====== Entries supplied ======
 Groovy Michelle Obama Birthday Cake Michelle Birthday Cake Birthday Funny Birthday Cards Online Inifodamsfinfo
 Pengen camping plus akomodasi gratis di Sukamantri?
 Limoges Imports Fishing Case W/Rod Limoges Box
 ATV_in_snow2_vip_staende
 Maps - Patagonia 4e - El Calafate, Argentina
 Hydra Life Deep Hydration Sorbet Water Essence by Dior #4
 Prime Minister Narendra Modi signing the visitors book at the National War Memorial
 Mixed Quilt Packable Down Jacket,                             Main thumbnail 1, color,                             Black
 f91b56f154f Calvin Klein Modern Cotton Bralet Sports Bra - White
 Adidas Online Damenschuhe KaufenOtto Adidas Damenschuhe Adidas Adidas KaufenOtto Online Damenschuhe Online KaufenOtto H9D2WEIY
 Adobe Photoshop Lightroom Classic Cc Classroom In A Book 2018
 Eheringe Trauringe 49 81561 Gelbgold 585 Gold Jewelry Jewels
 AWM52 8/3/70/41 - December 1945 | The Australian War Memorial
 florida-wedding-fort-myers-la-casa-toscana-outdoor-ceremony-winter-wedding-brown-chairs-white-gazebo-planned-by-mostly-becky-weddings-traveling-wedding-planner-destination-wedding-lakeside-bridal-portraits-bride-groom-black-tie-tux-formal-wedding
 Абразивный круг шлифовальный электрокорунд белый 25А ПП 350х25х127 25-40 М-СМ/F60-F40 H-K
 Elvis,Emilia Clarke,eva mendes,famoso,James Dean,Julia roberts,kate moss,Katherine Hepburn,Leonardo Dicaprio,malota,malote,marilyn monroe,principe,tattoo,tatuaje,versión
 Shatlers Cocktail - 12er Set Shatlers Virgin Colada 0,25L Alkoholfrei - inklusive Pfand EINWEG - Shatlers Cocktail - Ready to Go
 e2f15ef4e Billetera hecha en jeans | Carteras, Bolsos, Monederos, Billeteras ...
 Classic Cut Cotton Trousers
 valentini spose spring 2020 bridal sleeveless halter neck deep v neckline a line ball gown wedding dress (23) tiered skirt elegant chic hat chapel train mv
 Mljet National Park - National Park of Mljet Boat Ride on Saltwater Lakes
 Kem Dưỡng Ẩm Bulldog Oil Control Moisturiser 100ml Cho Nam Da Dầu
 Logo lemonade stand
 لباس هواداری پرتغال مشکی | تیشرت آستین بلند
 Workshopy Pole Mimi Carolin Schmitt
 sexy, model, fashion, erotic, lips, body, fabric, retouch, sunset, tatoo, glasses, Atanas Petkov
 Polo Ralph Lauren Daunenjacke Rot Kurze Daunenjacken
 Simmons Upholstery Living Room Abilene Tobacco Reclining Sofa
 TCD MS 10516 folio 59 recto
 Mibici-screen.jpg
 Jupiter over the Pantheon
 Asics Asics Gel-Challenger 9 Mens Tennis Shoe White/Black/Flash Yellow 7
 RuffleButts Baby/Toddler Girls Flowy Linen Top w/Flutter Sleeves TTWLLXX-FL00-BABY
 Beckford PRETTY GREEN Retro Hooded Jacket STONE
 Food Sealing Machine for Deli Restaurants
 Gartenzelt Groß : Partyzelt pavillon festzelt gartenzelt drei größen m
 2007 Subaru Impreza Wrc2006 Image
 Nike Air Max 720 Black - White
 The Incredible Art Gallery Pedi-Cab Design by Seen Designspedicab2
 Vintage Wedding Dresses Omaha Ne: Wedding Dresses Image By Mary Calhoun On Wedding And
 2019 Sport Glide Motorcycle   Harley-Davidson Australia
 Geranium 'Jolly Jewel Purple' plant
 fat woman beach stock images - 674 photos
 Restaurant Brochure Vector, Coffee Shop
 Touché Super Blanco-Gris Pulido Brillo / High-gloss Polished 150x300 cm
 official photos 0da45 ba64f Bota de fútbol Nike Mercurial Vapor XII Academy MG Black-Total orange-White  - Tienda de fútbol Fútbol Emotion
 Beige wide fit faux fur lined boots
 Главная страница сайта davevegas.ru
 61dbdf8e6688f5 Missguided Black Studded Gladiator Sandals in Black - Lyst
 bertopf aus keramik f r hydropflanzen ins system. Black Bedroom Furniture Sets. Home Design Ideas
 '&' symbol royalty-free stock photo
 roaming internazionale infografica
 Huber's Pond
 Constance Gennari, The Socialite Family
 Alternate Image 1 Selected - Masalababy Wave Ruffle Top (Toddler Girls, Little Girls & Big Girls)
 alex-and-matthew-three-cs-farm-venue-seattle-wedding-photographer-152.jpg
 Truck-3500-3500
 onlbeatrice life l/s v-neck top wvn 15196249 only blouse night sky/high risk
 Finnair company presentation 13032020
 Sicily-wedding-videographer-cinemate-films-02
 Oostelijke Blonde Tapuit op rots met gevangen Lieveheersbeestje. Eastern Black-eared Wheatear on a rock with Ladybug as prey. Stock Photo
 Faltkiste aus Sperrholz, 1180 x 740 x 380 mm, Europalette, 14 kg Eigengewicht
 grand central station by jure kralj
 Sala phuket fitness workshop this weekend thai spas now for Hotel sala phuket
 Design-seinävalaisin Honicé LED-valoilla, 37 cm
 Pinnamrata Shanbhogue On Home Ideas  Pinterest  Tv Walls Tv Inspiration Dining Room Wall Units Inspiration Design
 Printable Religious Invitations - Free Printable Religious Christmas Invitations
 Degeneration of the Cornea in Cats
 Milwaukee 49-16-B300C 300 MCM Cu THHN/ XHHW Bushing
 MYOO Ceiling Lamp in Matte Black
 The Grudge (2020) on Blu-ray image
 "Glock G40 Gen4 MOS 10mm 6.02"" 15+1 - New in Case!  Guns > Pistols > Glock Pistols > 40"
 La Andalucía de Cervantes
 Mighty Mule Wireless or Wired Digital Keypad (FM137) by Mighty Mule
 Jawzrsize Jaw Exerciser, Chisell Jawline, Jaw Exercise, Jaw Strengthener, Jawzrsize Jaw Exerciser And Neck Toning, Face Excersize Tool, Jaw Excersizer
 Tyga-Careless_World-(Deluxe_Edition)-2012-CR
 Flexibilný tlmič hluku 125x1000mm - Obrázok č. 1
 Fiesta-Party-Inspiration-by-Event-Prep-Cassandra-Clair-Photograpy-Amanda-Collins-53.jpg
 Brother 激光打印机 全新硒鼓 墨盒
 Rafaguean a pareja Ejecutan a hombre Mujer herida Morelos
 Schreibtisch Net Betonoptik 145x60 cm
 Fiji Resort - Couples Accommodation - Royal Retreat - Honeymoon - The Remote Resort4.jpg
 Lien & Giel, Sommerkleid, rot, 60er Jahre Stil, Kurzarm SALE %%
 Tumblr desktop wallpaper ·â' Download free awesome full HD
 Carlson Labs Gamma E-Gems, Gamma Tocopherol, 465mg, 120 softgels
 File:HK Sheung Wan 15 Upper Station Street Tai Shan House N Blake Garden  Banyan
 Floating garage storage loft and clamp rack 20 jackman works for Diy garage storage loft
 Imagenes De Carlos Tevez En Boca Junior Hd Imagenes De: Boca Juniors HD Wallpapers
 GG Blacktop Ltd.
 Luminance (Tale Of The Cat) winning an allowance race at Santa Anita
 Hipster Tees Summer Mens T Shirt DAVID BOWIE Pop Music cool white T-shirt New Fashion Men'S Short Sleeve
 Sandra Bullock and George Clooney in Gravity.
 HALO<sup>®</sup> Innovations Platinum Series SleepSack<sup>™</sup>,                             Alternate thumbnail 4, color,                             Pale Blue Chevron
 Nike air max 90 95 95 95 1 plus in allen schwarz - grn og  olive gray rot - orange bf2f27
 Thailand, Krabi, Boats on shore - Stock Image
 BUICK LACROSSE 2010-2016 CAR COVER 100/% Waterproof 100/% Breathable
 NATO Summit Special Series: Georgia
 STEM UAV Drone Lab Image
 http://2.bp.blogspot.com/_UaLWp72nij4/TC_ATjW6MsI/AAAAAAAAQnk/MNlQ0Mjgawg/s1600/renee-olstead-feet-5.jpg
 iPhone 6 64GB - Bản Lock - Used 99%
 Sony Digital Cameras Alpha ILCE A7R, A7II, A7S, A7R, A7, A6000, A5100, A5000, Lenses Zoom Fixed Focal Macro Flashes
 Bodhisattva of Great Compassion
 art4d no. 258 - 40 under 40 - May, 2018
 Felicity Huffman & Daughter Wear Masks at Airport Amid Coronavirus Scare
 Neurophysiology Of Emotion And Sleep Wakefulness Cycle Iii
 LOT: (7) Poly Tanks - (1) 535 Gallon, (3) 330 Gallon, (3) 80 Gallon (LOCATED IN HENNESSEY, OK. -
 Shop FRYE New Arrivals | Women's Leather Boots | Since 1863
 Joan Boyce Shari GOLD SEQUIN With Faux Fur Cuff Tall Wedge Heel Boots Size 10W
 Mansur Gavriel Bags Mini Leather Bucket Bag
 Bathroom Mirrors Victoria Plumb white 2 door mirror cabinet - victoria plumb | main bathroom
======
Action item -
Note each line above that holds "Case", then copy all of them.

Task answer -
 Limoges Imports Fishing Case W/Rod Limoges Box
 "Glock G40 Gen4 MOS 10mm 6.02"" 15+1 - New in Case!  Guns > Pistols > Glock Pistols > 40"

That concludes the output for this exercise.